Modern Humans Did Not Admix with Neanderthals during Their Range Expansion into Europe
. The authors seem to be using a demic diffusion model and suggest that the likelihood of Neanderthal mtDNA linages being eliminated through genetic drift alone is rather low.1 Even assuming a low rate of admixture, a population expansion out of the Southwest Asia of "modern humans" into a Europe dominated by Neanderthals would still result in the persistence of a substantial portion of the latter's genome. Remember that the range expansion of modern culture might be carried out by individuals who were progressively more admixed with Neanderthal stock (assuming interfertility). This sort of process was highlighted by Cavalli-Sforza when he rejected Bryan Sykes' claim that Neolithic demic diffusion did not occur in Europe after the rise of agriculture in the Middle East because the NRY and mtDNA sources seem to be pointing to figures of about ~25% for "non-Paleolithic" ancestry in modern Europeans. Cavalli-Sforza replied that of course there would be a diminishment of Middle Eastern ancestry as the population expanded into Europe, but that did not imply that change was purely cultural, rather, the character of the demes changed (they became more "native" because of admixture each generation).
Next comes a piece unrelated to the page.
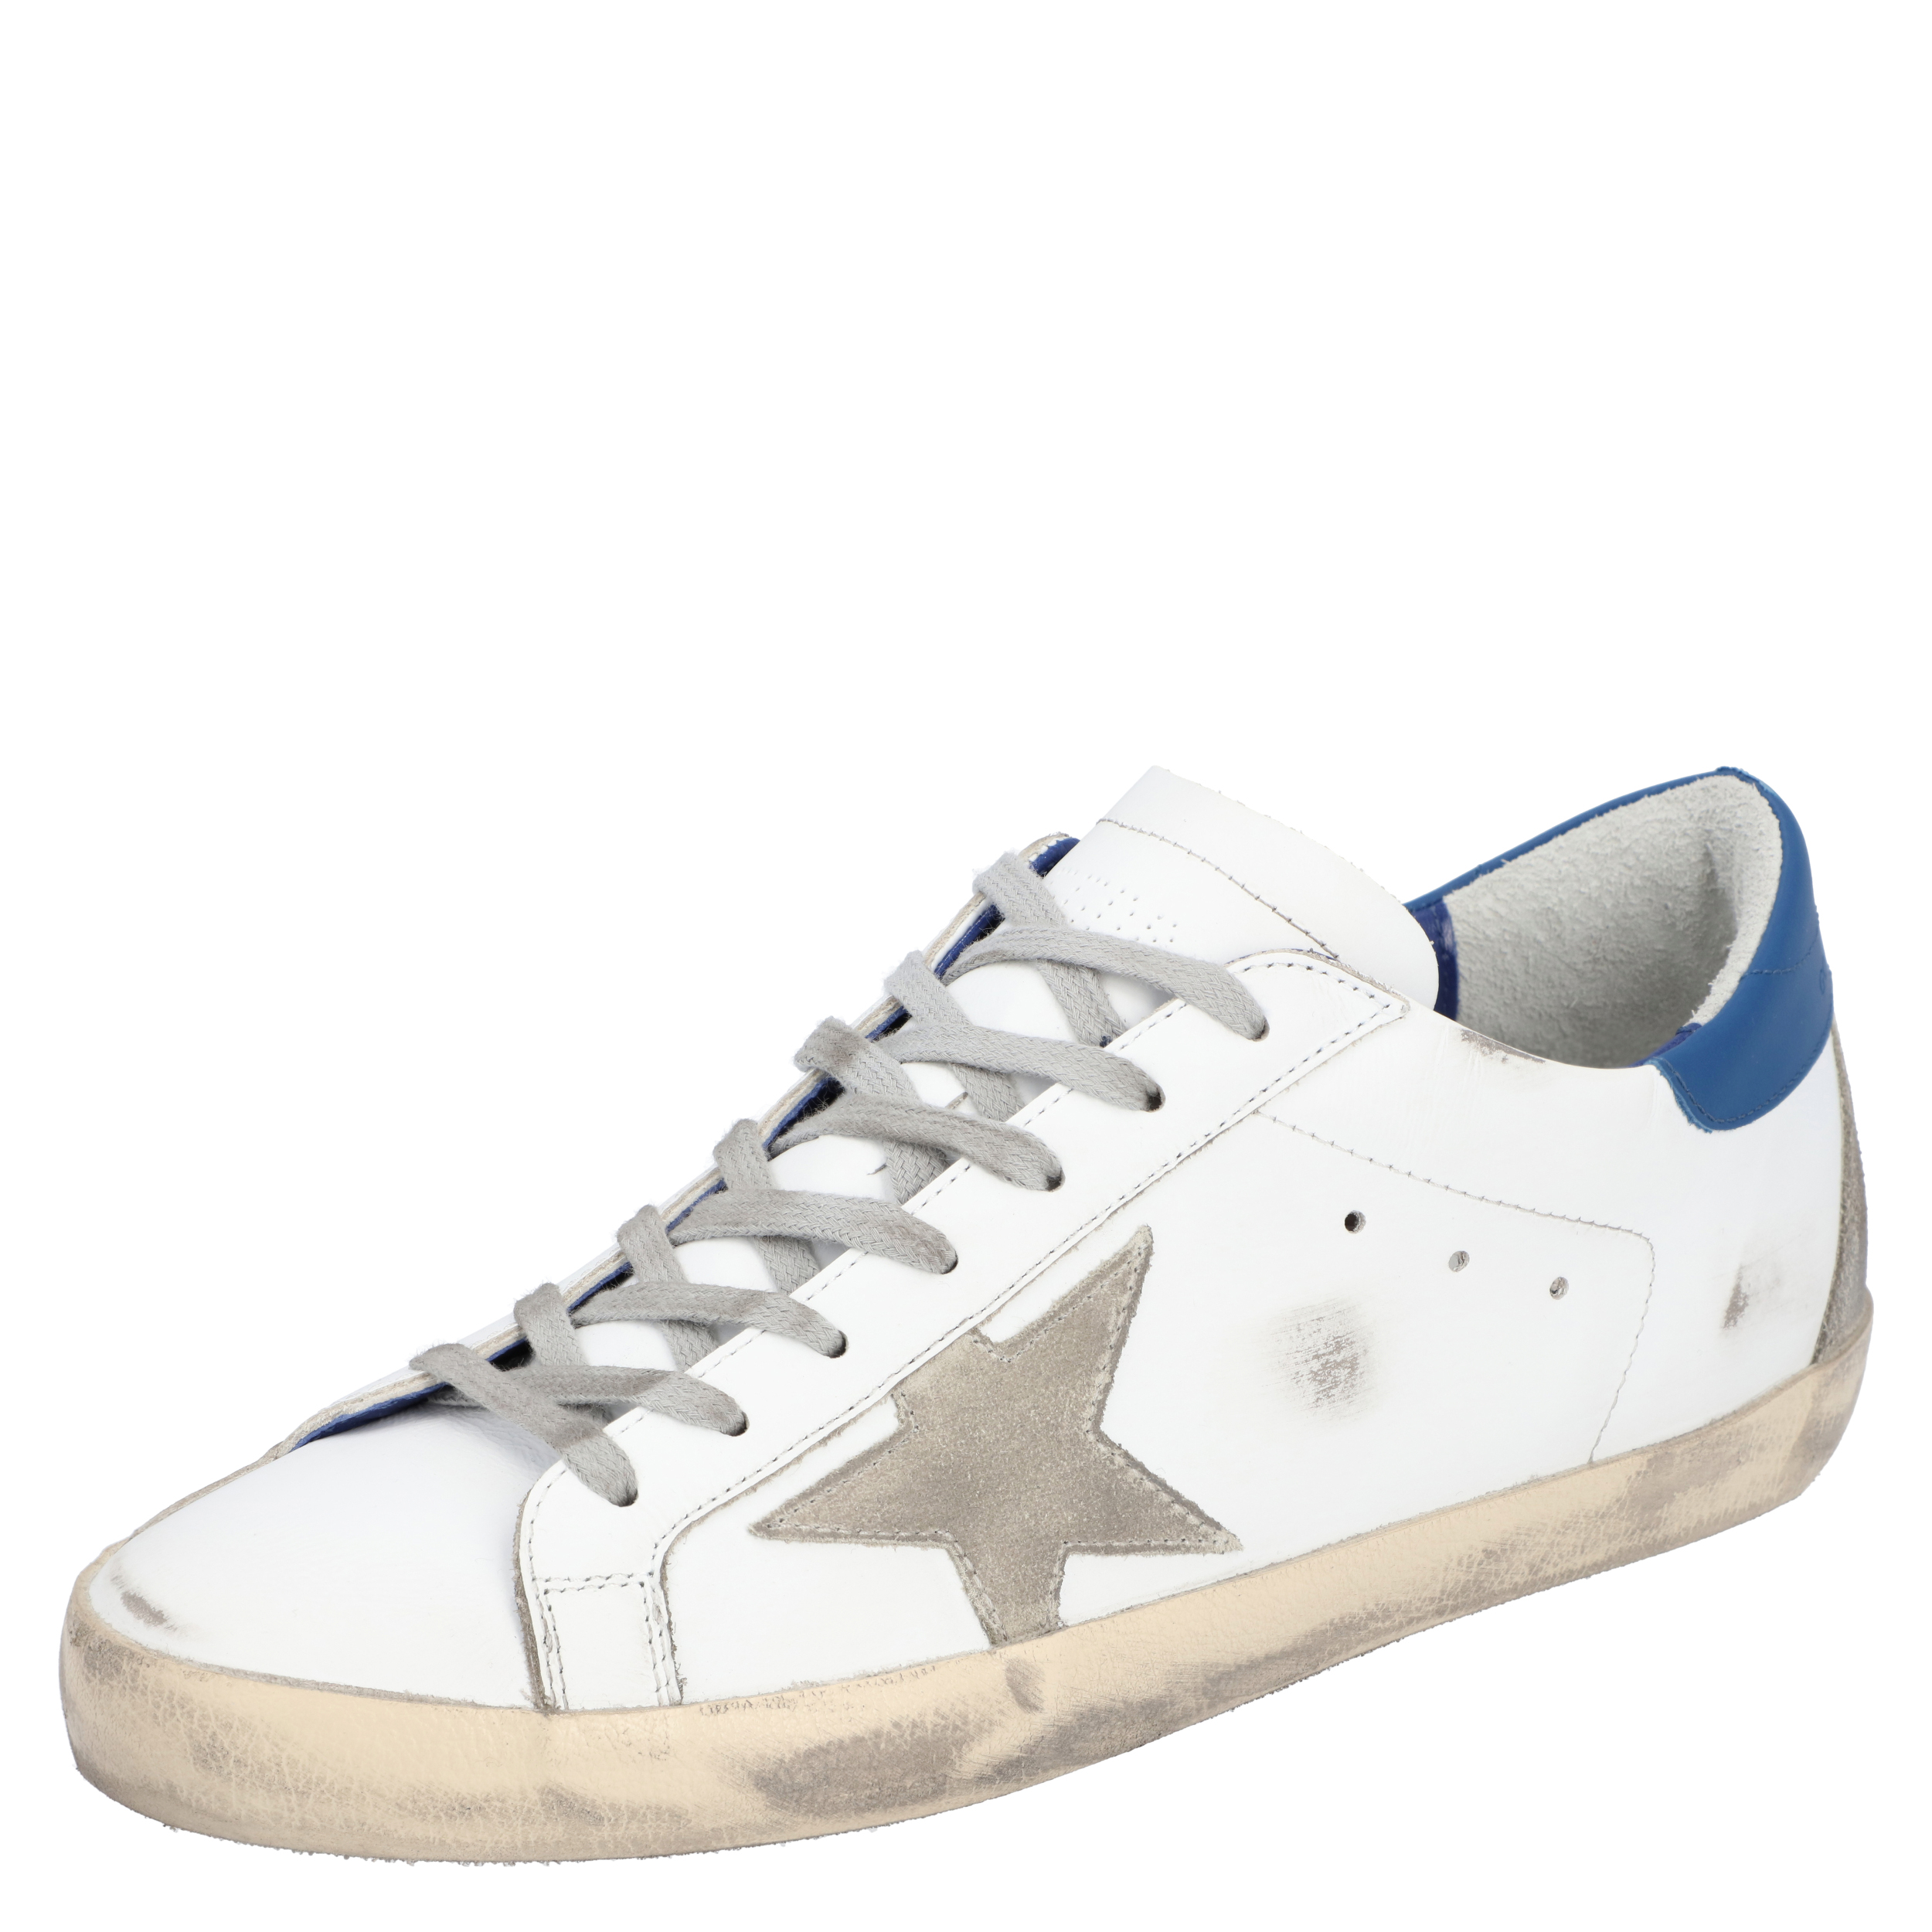 Golden Goose White/Blue Leather Superstar Sneaker Size EU 43

In any case, the conclusions in the article above shouldn't be that surprising, Out-of-Africa always seemed to be on strongest ground in the European case. Not only do the geneticists tend to favor Out-of-Africa (replacement), skull & bones paleontologists like Chris Stringer based the model in particular using the replacement of H. neanderthalis in Europe as a case study. Of course, this European case does not mean that I retract my contention that things are rather unsettled in paleoanthropology at the moment (the authors of the paper alluded to the possibility of mtDNA selective sweep, but only to dismiss it), we may find that rather than a unitary model we might have to simply live with regional explanations.

(via Dienekes)

1 - Retrieved Neanderthal and Paleolithic H. sapien mtDNA seems to point to the likelihood that no mtDNA from the former has persisted into modern populations.